━━━━━ INPUT DATA
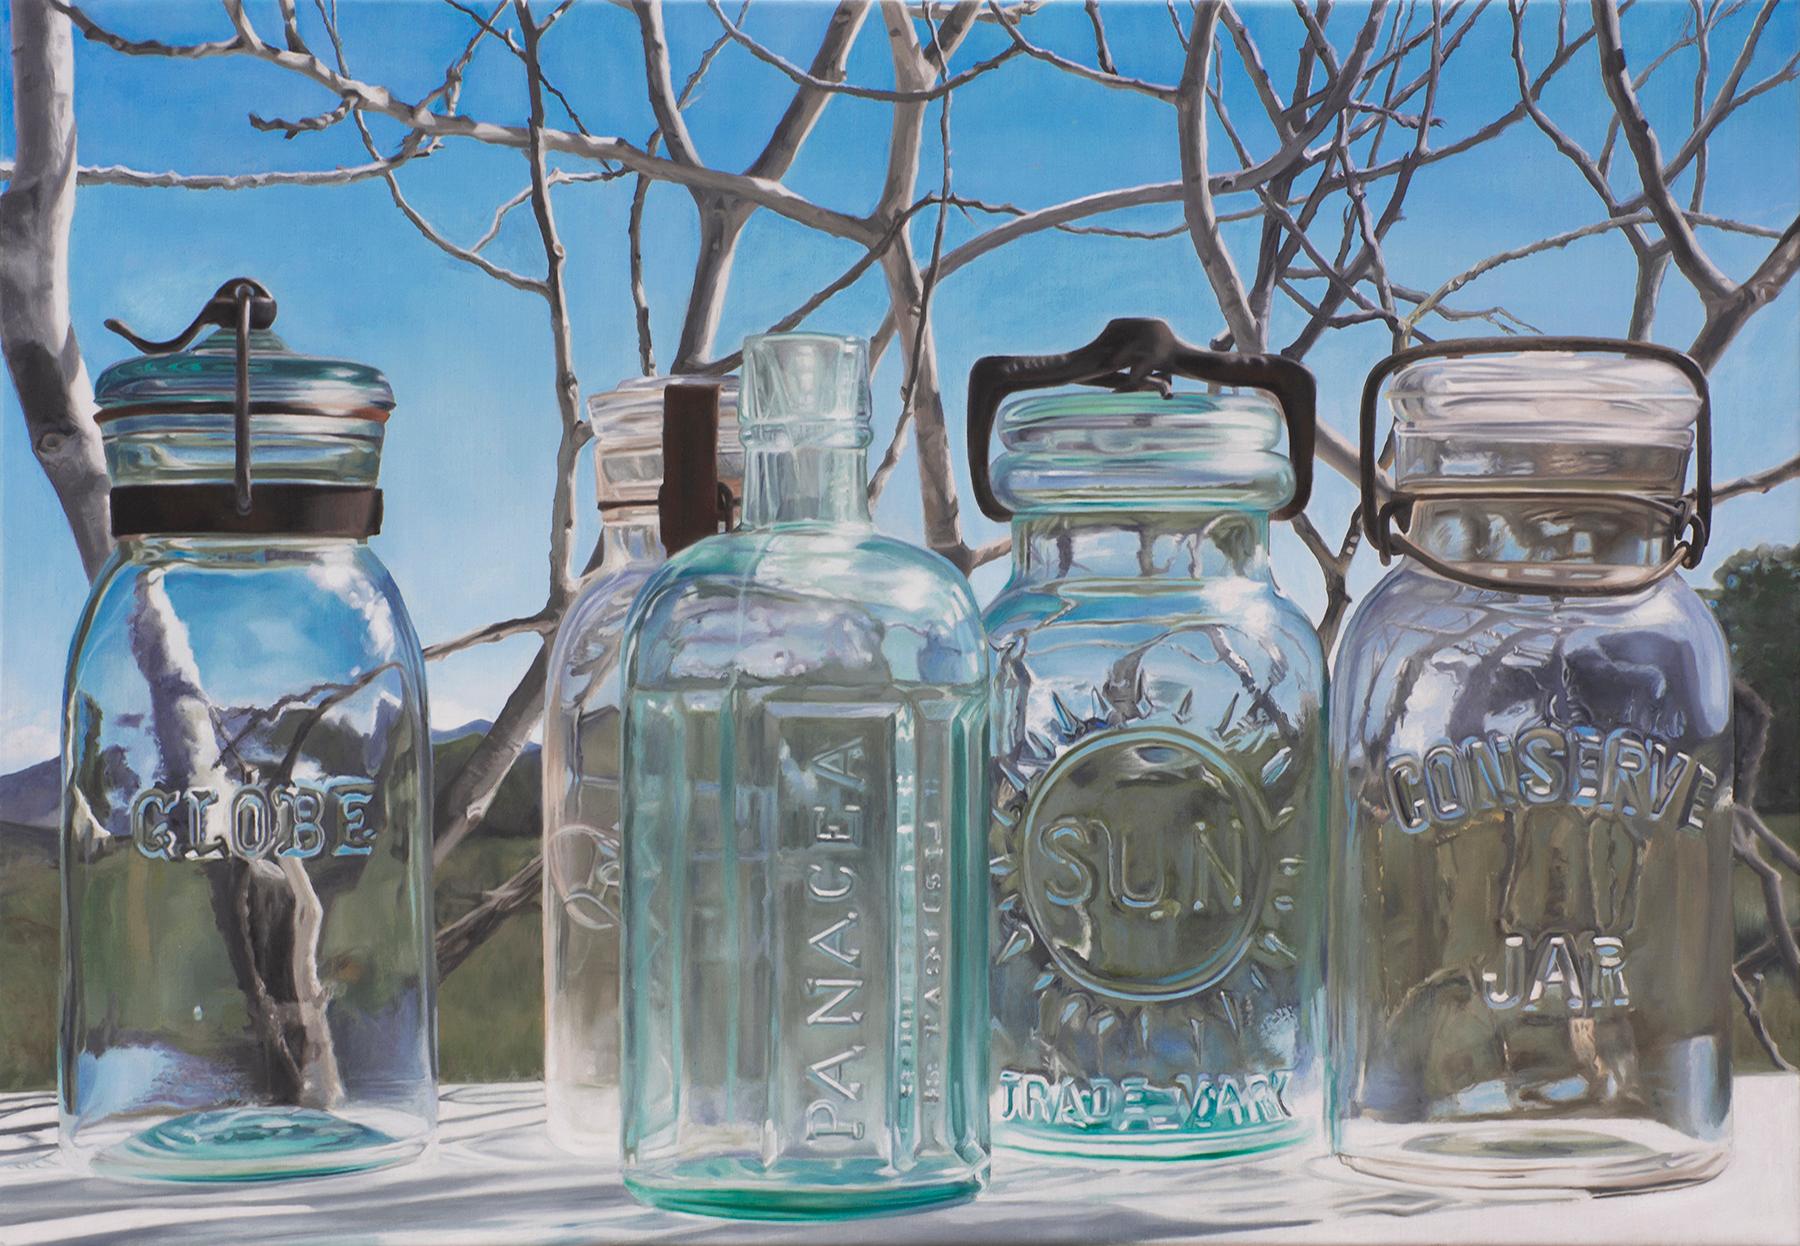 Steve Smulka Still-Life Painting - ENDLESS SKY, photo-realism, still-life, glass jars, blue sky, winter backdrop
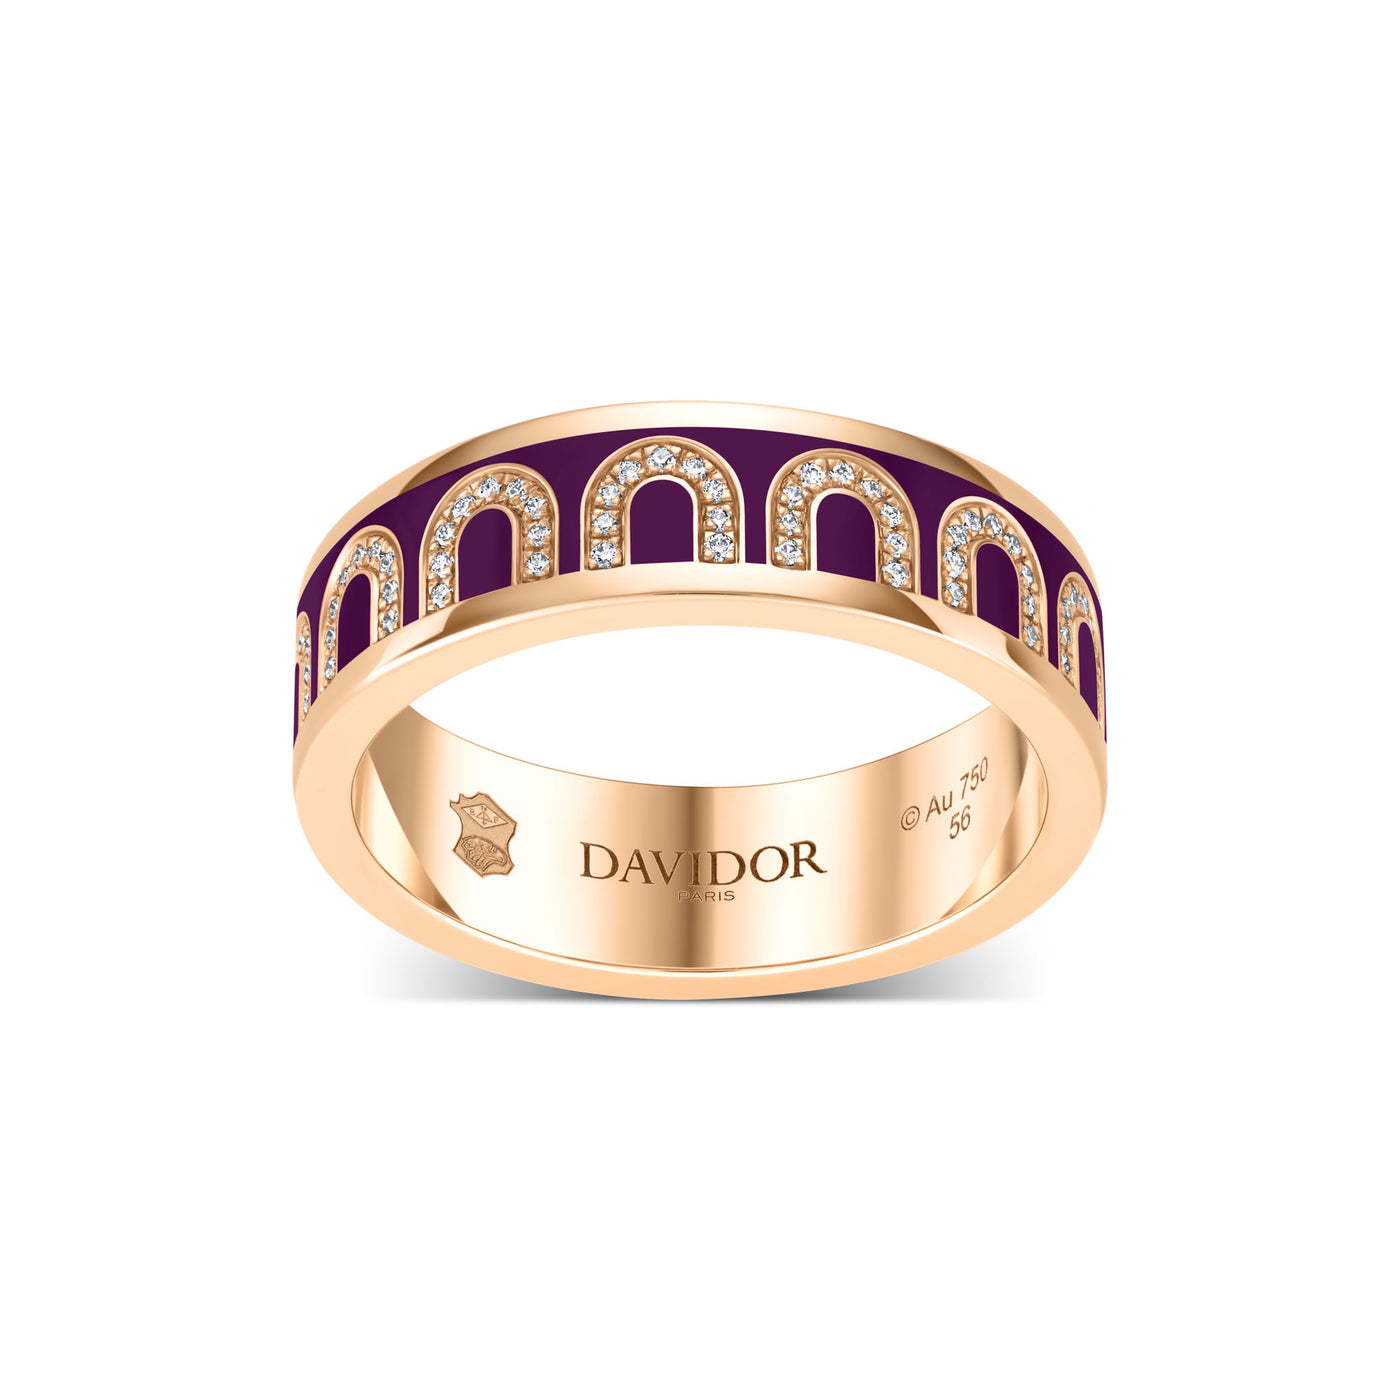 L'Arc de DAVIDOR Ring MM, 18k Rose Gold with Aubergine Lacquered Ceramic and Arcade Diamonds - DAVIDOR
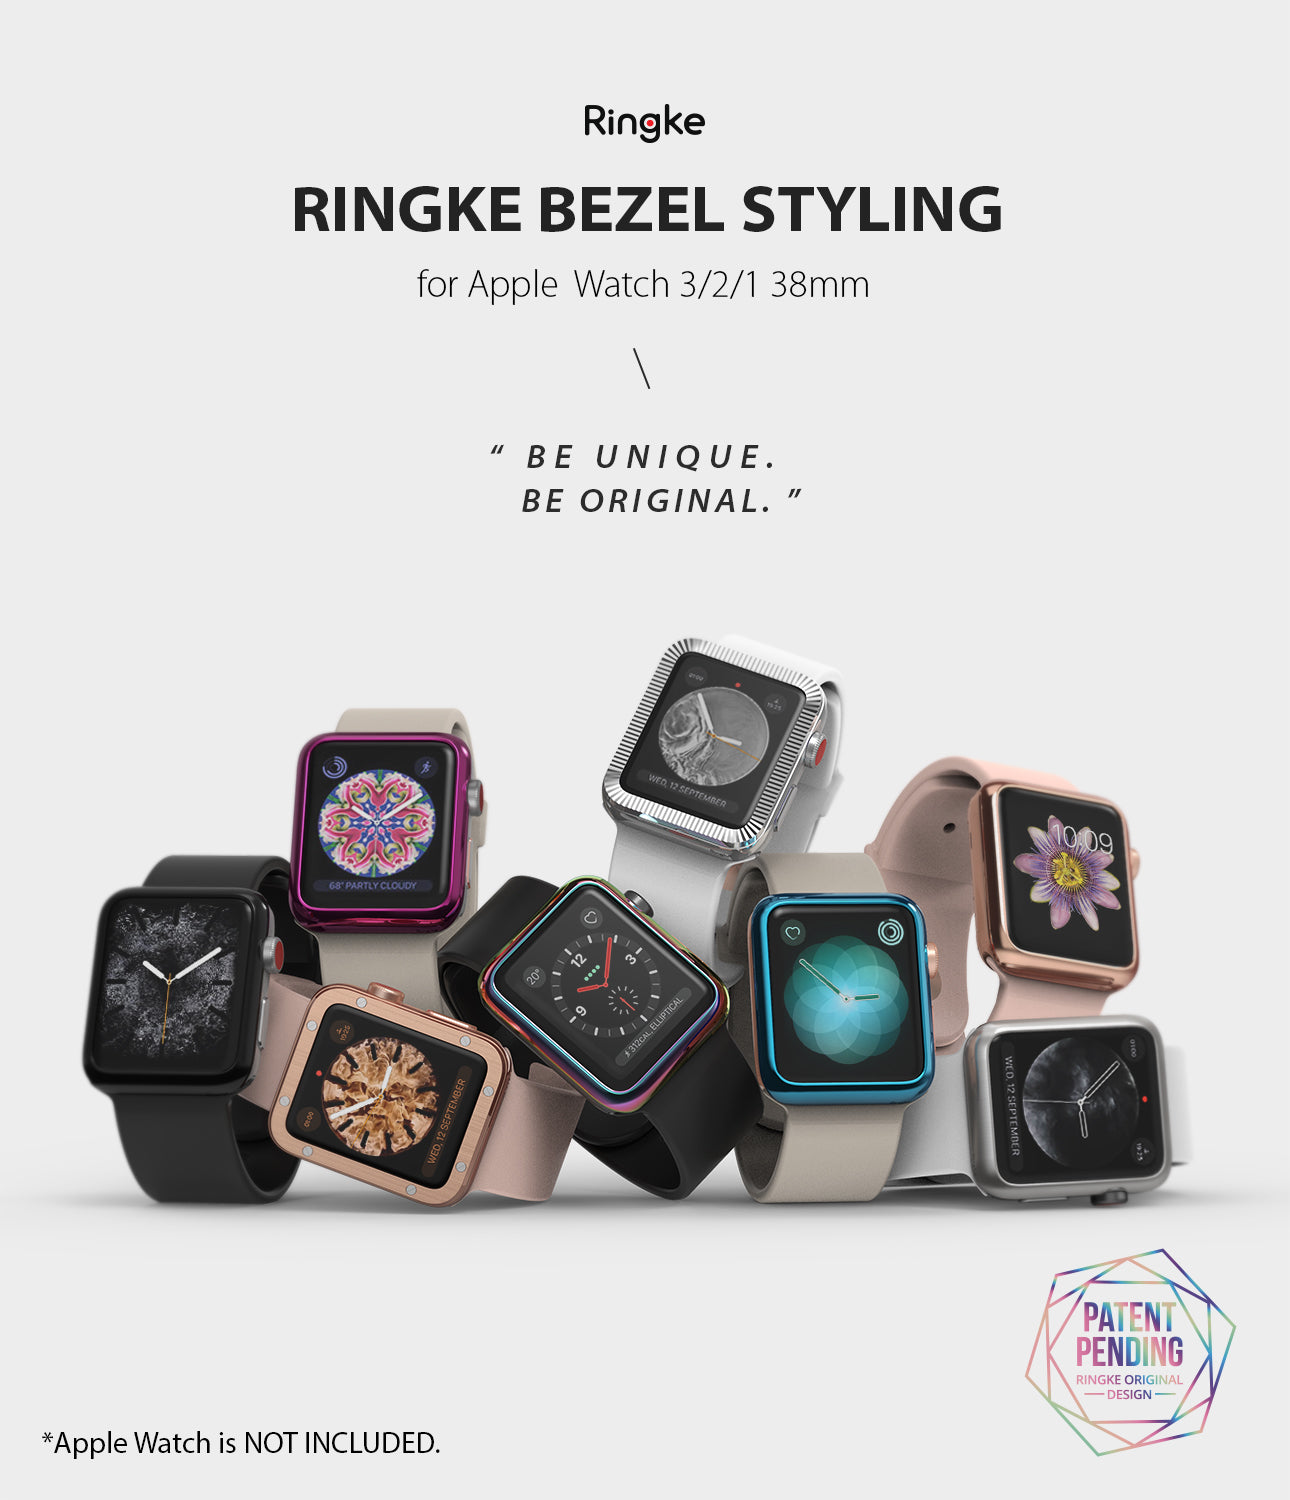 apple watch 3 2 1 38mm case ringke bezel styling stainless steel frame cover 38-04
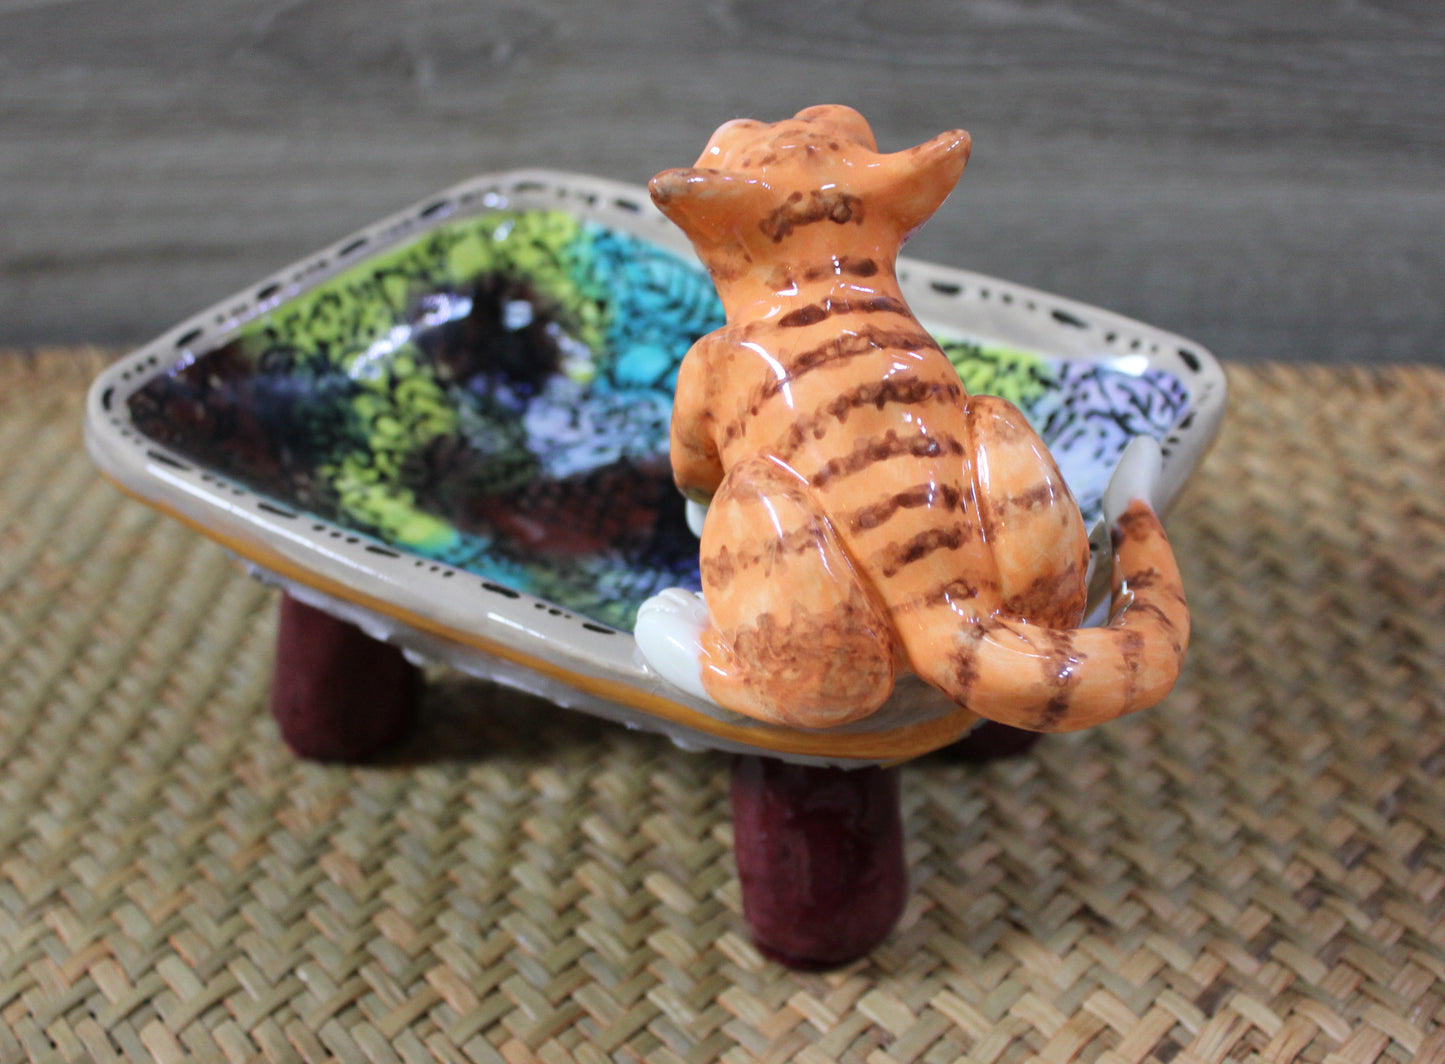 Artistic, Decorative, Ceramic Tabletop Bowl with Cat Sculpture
━━━━━━━━━━
INSTRUCTIONS TO FOLLOW: Drop the images and copy all the data exactly.

ANSWER FOR THIS EXERCISE:
 Steve Smulka Still-Life Painting - ENDLESS SKY, photo-realism, still-life, glass jars, blue sky, winter backdrop
 L'Arc de DAVIDOR Ring MM, 18k Rose Gold with Aubergine Lacquered Ceramic and Arcade Diamonds - DAVIDOR
 apple watch 3 2 1 38mm case ringke bezel styling stainless steel frame cover 38-04
 Artistic, Decorative, Ceramic Tabletop Bowl with Cat Sculpture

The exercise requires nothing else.